Important Article originally published on NewBeauty.com
If you haven’t heard of injectable skin lightening, it might be because the controversial treatment just recently come into the limelight as a trending procedure in the U.S. While it’s been popular in other countries around the world, demand stateside has recently grown, prompting the Food and Drug Administration to issue an advisory on injectable skin lightening agents.
Now, amidst growing controversy, a federal judge has taken the FDA’s stance one step further and has ordered Flawless Beauty, a New Jersey company selling unapproved skin-whitening products (including skin-lightening injections), to stop distributing its due to serious health risks associated with the injections.

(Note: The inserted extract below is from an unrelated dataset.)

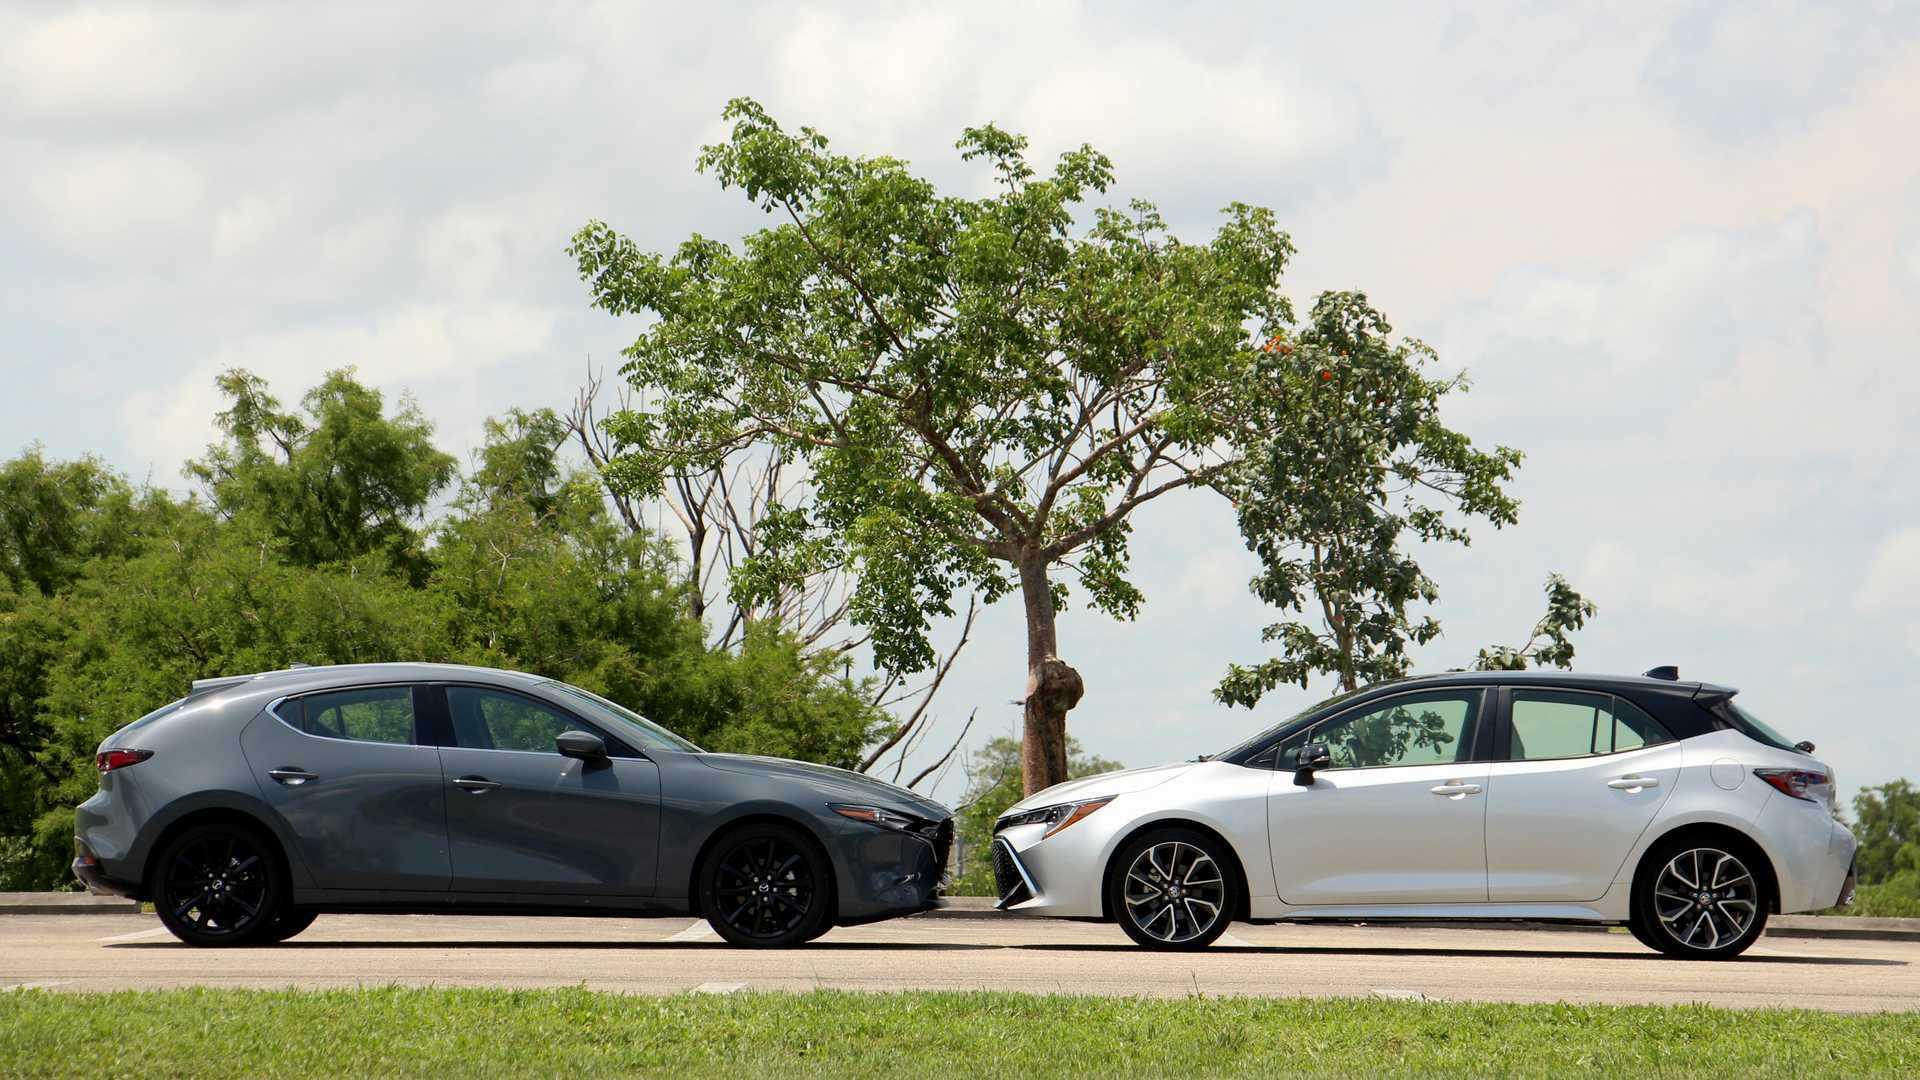 Mazda3 Vs Toyota Corolla Hatchback Comparison Two Fantastic Five Doors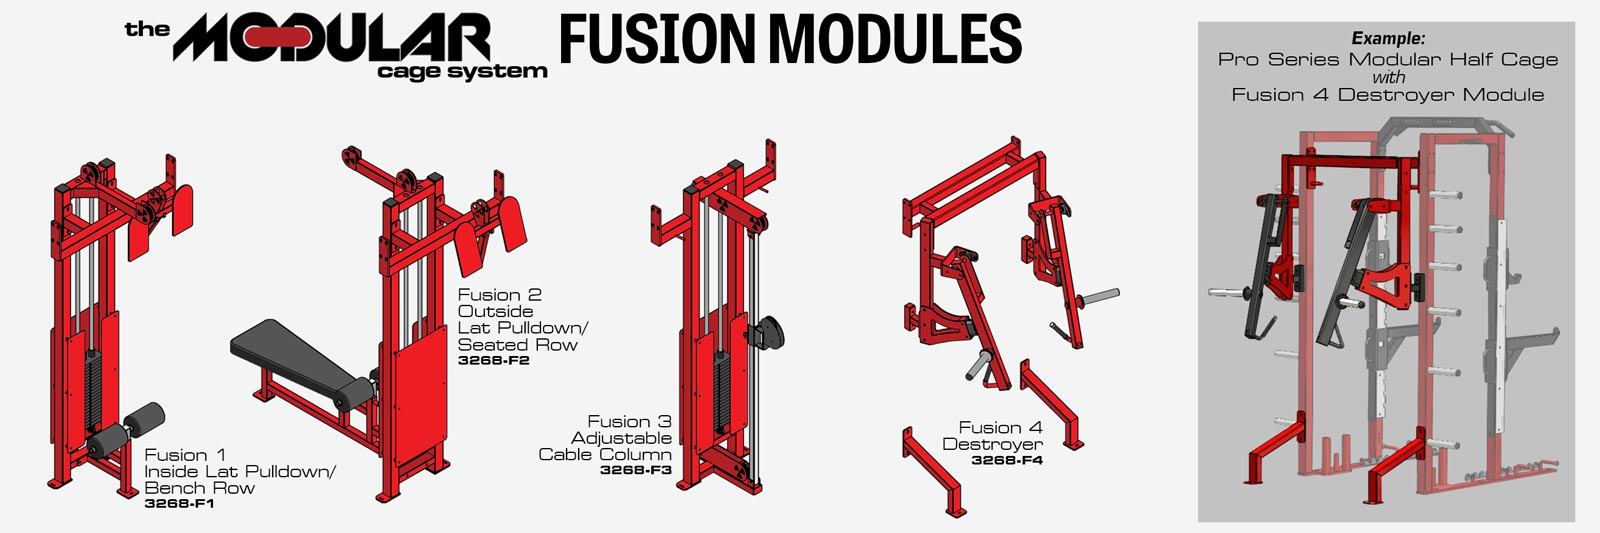 Modular System Fusion Modules

The main ingredient in the skin-lightening injections is glutathione, a substance found in every cell in our bodies. It acts as an antioxidant and helps to prevent cellular damage and neutralize free radicals. It also helps to prevent the activation of tyrosinase (the enzyme that helps produce more melanin) by reducing free radicals that can activate it and cause an increase in melanin production. The U.S. Department of Justice filed a complaint for permanent injunction on the FDA’s behalf, citing Flawless Beauty for selling unapproved and mislabeled drugs (including products without FDA approval that were labeled FDA approved) that pose serious health risks, in particular the skin-whitening injectables that contain glutathione.
The risks associated with Flawless Beauty’s products are infection, toxic systemic reactions and damage to nerves or blood vessels. In addition to the products that contain the skin lightening agents, the company also sold various products that contained human placenta, another ingredient that is said to pose serious risks. Donald D. Ashley, J.D. the director of the FDA’s Office of Compliance said, “Despite repeated warnings, Flawless Beauty continued to put patients at risk by selling potentially dangerous and unproven treatments to consumers. We urge consumers to beware of these and other unproven drug products that use deceptive marketing tactics to sell their unsafe products.”
The order prohibits Flawless Beauty and its owners from importing, manufacturing or distributing any products until they comply with federal regulations. The company now has to recall all ampules, vials and injectable products sold as part of their skin whitening kits under its various brand names (like Rlumin, Tatiomax, Laennec, Saluta, Tationil, Laroscorbine and more). As of now, the FDA has not approved the use of injectable skin lightening or whitening and continues to crack down on unapproved and deceptively labeled drugs that are currently on the market that mislead consumers into thinking otherwise.